● **Problem requirements**: From the line below containing "Filebatman The Ride" to the final line, print each line exactly as written. No pictures belong in the copy.

● **Collected material**:
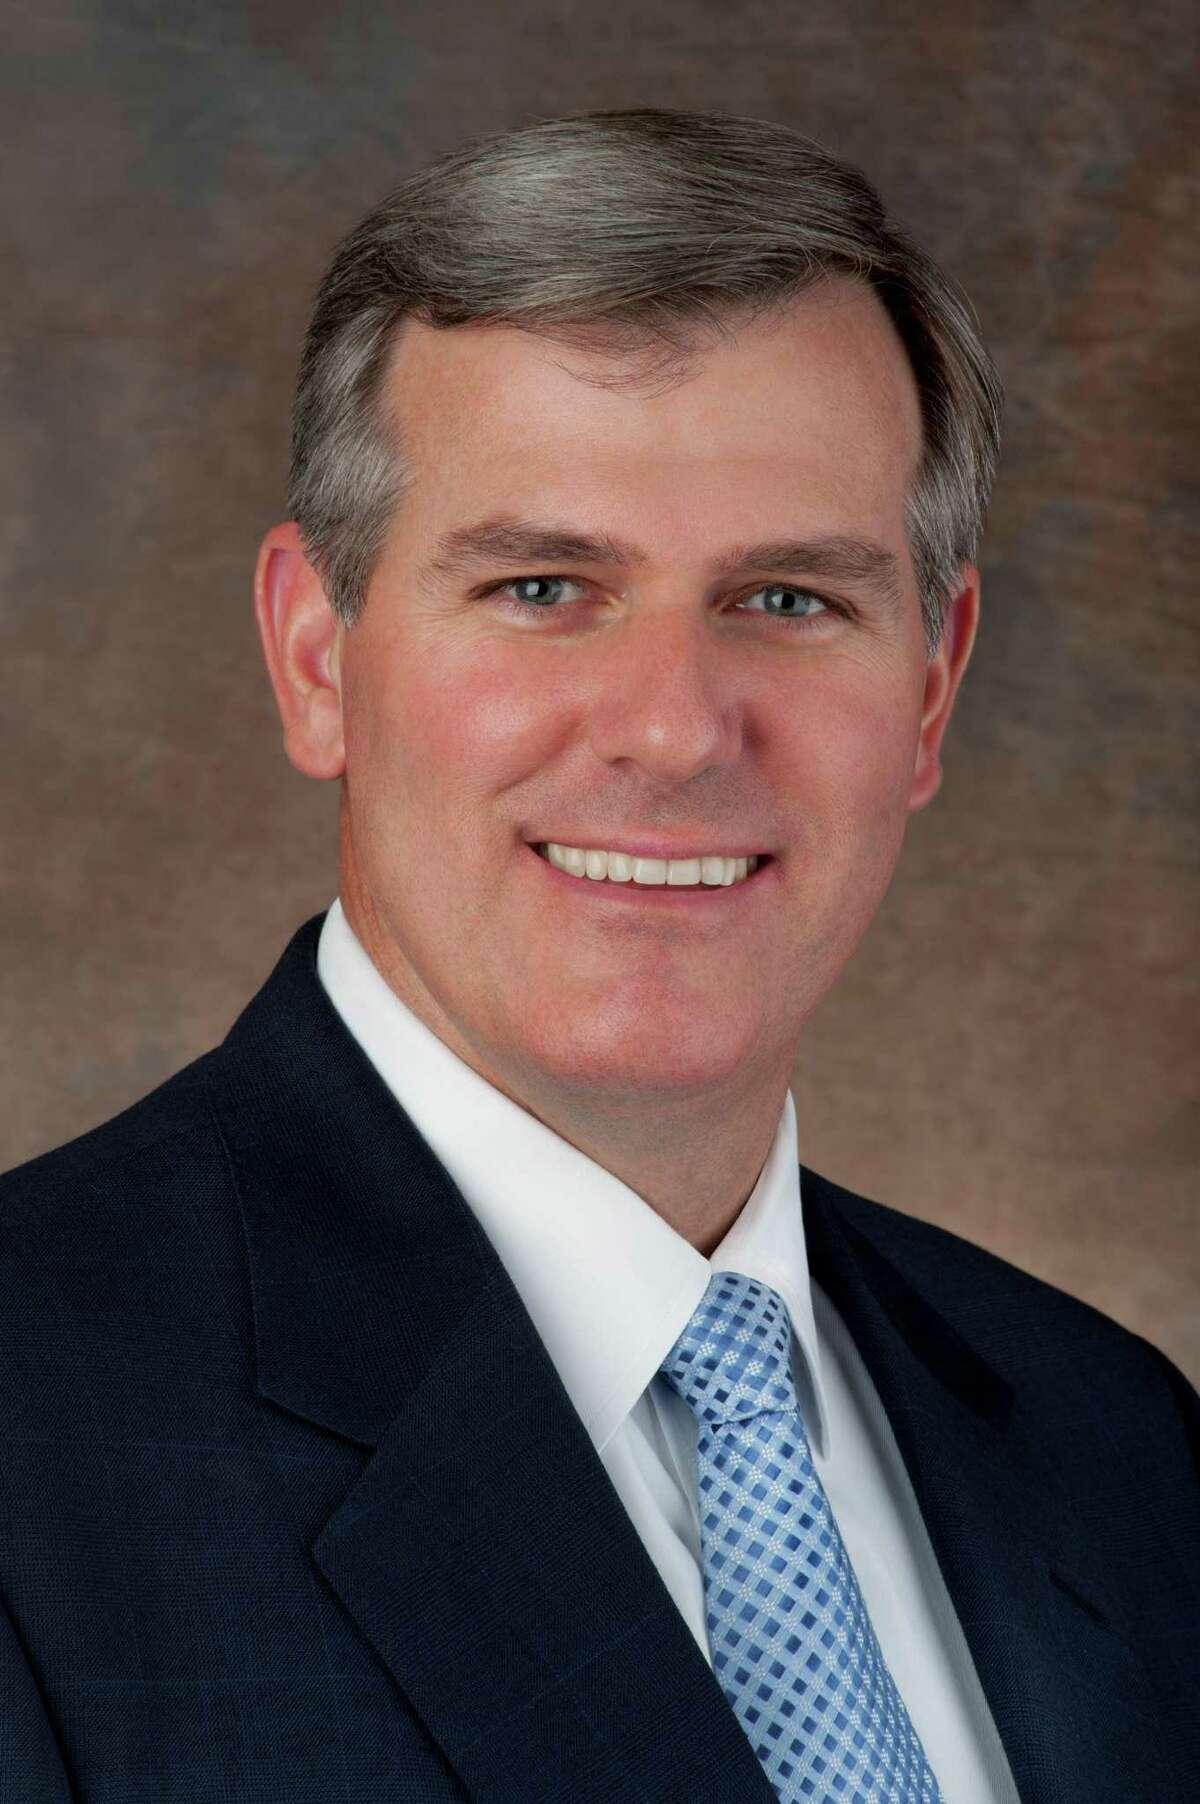 Galveston businessman Todd Sullivan serves on the board of trustees of the Galveston Wharves.
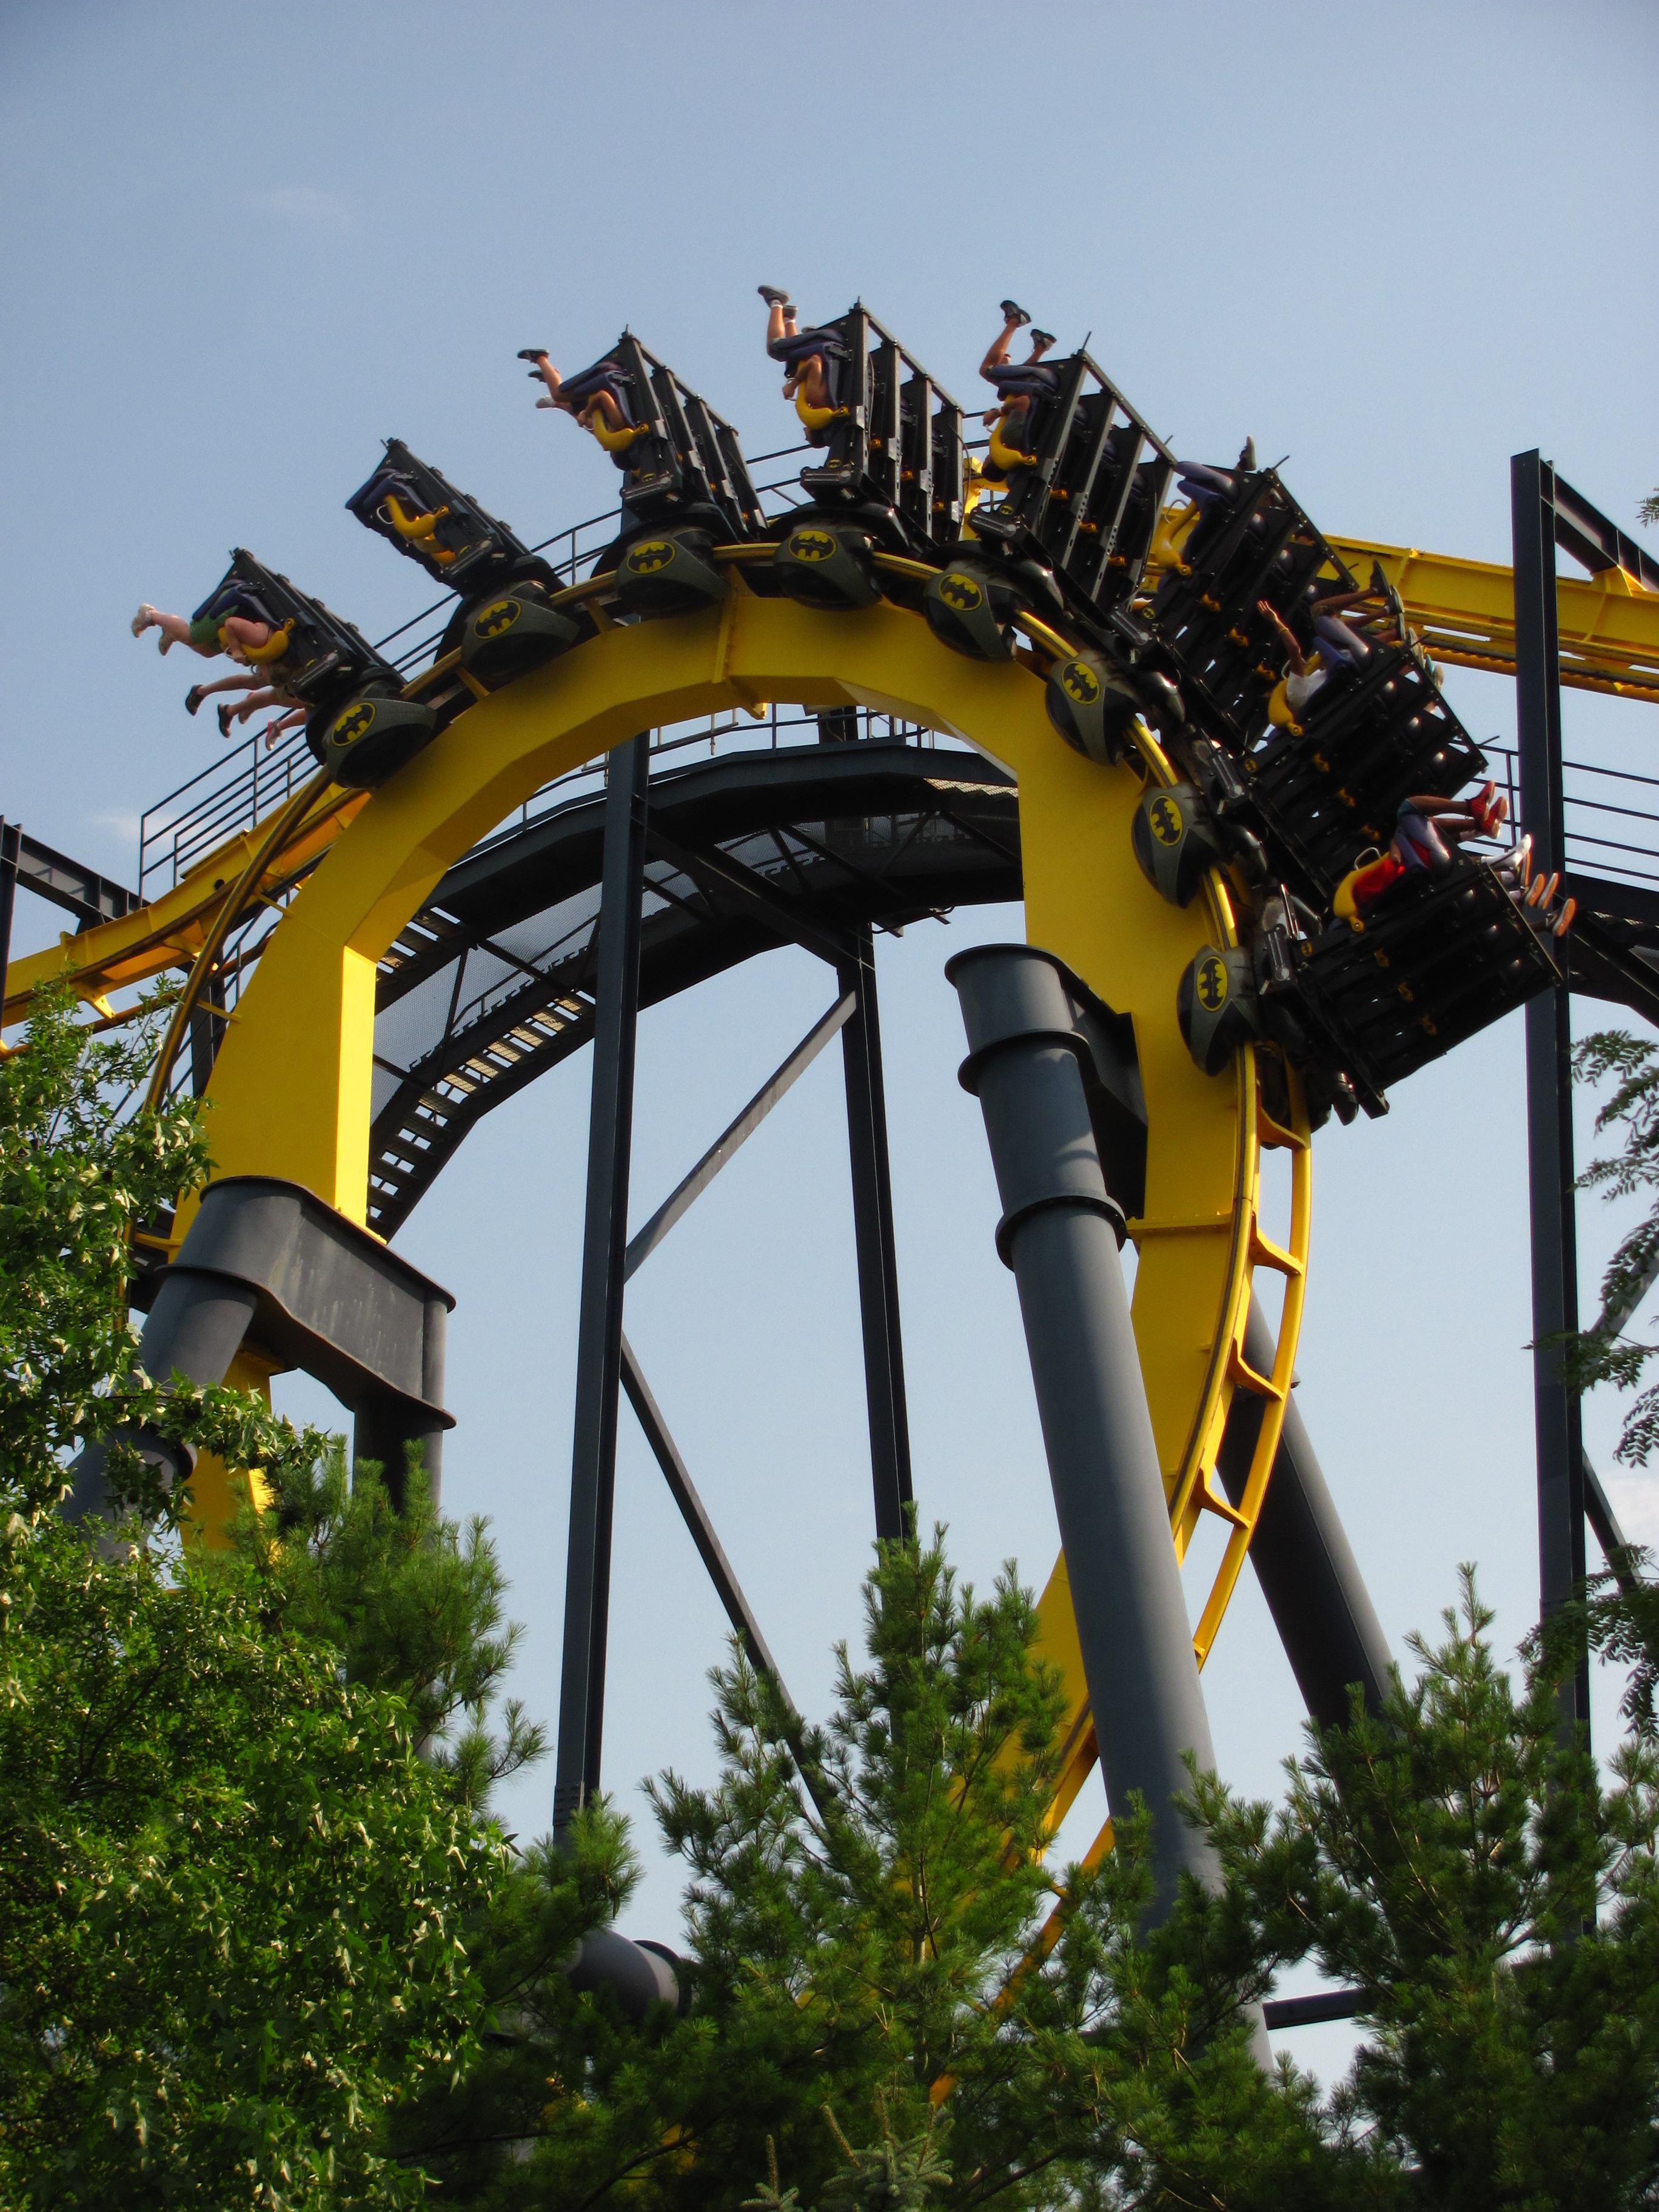 Filebatman The Ride At Six Flags Great Adventure 03 Jpg
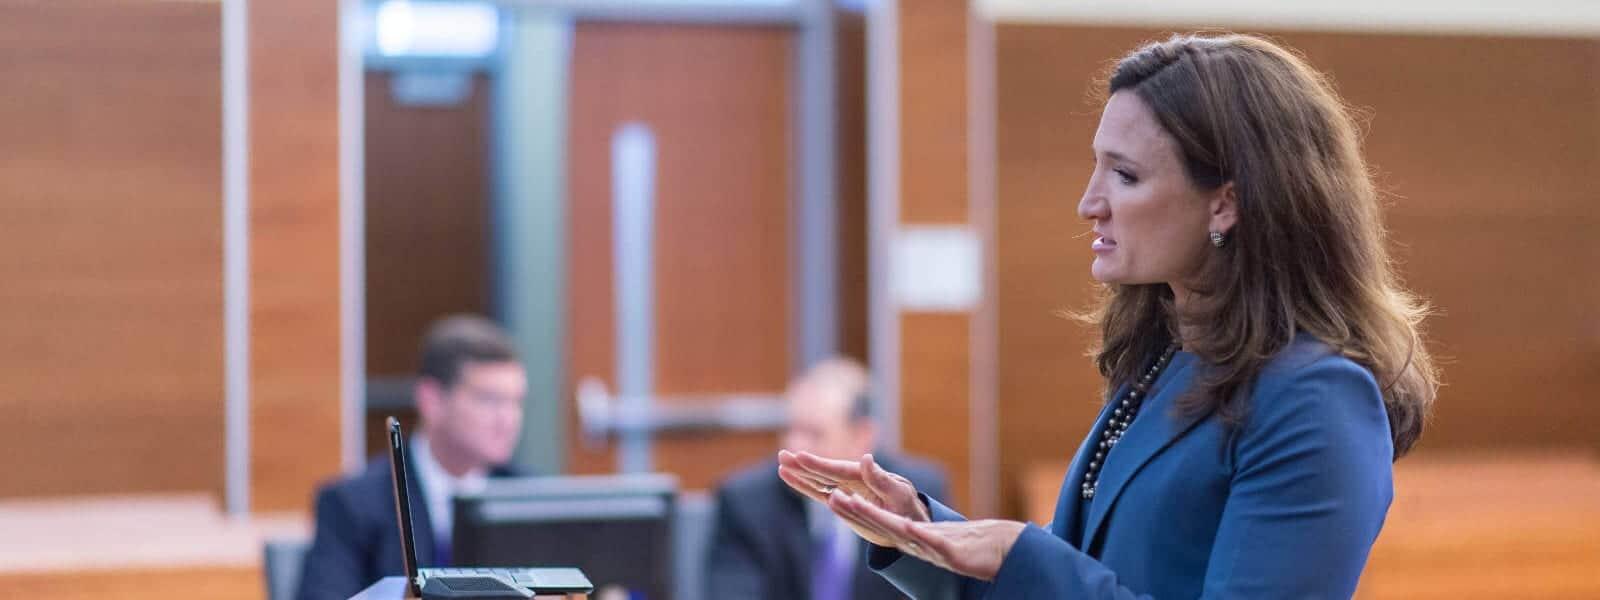 GBM Lawyer Sydney McLafferty defends client in court

● **Exercise output**:
 Filebatman The Ride At Six Flags Great Adventure 03 Jpg
 GBM Lawyer Sydney McLafferty defends client in court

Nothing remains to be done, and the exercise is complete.